後編
カーディガンを羽織って、家を出た。
なんかお腹痛くなってきた。
玄関を出てから右に曲がって約50m。
家から2つ隣が幼馴染の家だ。
歩道側からあいつの部屋の窓がちょうど見える。
あいつにしては珍しく、カーテンも窓も閉まっていた。
「……何回言っても聞かなかったくせによ」
なんだか、無性に腹がったって来た。
いや、窓を閉めろといったのも俺なんだけど。
家の前に着いたので、インターホンを押す。
ピンポーン、という音が、休日の住宅街に響いているような気がした。
まるで、この世界に、俺しかいないような。
「……出ねぇな」
5分くらい経っただろうか。
電話には出たので、家にはいるはずなんだがな。
「電話、掛けるか」
今度はすぐに出た。
「もしもし?」
『あっ、もしかして、もう着いた?』
「おう。

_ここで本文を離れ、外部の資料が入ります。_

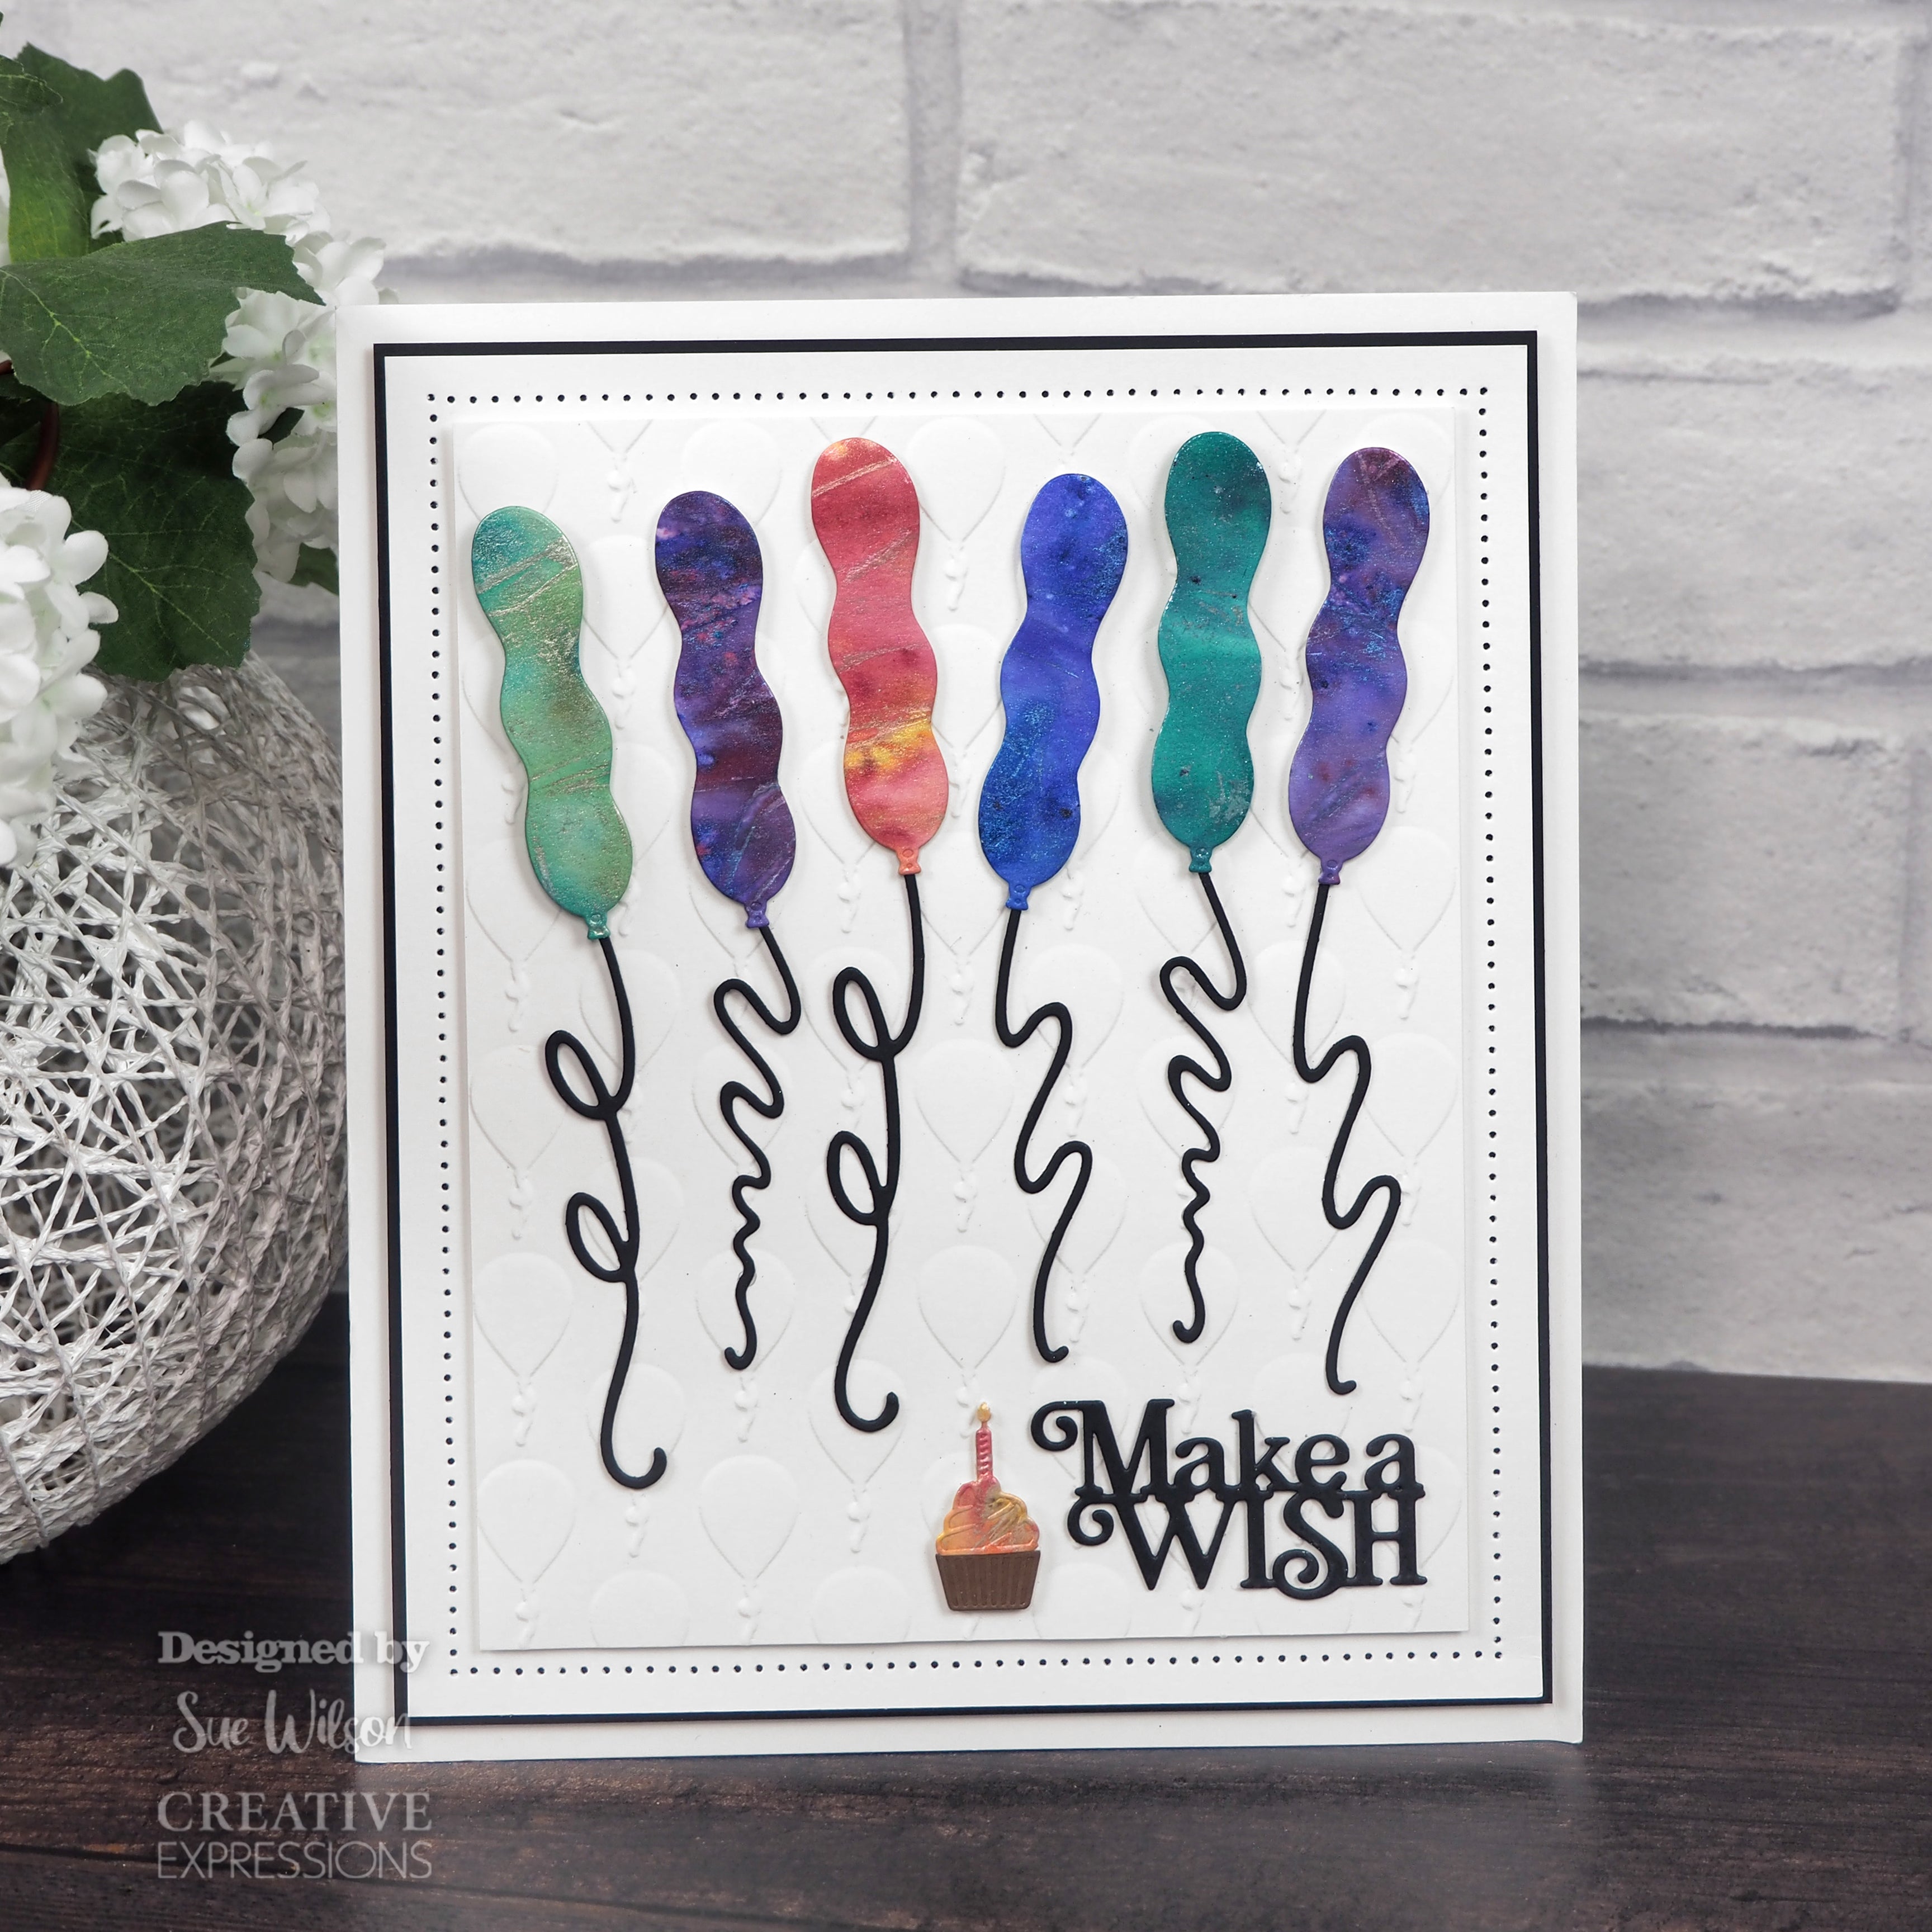 Creative Expressions Sue Wilson Mini Expressions Happy Birthday Candle Craft Die

さっきインターホン押したんだけど、気付かなかったか?」
『あー、うん ちょっと、立て込んでて』
「そか、今出てこられるか?」
『うん、今行くね』
5分後、ドアが少しだけ、開いた。
「おう」
「ごめんね、ちょっといまっ出れなくてっ」
頬が赤いし、なんだか息も荒い。
「どうした? 風邪でも引いたのか?」
「ううんっ 大丈夫ぅっ」
「? あ、じゃあ、コレ」
作ったチョコレートを差し出す。
「あっ、うん ありがとっ」
そういって、こいつは、チョコを受け取ったものの、取り落してしまった。
「落とすなよ…… 頑張って作ったんだから」
そう言って、俺は屈んで落ちたチョコを拾い上げた。
拾い上げたチョコを渡そうと、俺は上を向いて、言葉を失った。
絶句した、というか、何か見てはいけないものを見てしまったというべきだろうか。
それは、ノーブラで前かがみになったからか、見えてしまったこいつの胸ではなく、
目にかかった髪をかき上げたときに見えてしまった、見覚えのないピアスでもない。
足元が、夕日に照らされて、一部だけが見える。
足だ。
黒く、太い足が、こいつの後ろに立っているのが見えた。
俺は言葉を失ったまま、チョコを渡した。
「あっ、ありがっとうっ ま、またねっ」
幼馴染は、そう言い残して、ドアを閉めた。
「……」
俺はしばらくその場を動けなかった。
心臓はずっとバクバクしている。
うそだろ。
あいつに限って、そんなことはないはずだ。
だって、そんな。
「……っ~!!」
ドアの向こう側からは、声にならない”こえ”、が聞こえる。
俺の心臓は、激しい音を立てて止まらない。
いっそ、止まってしまえばいいのにな、なんて思った。
「ぁ……」
あいつの声だけが、今止まった。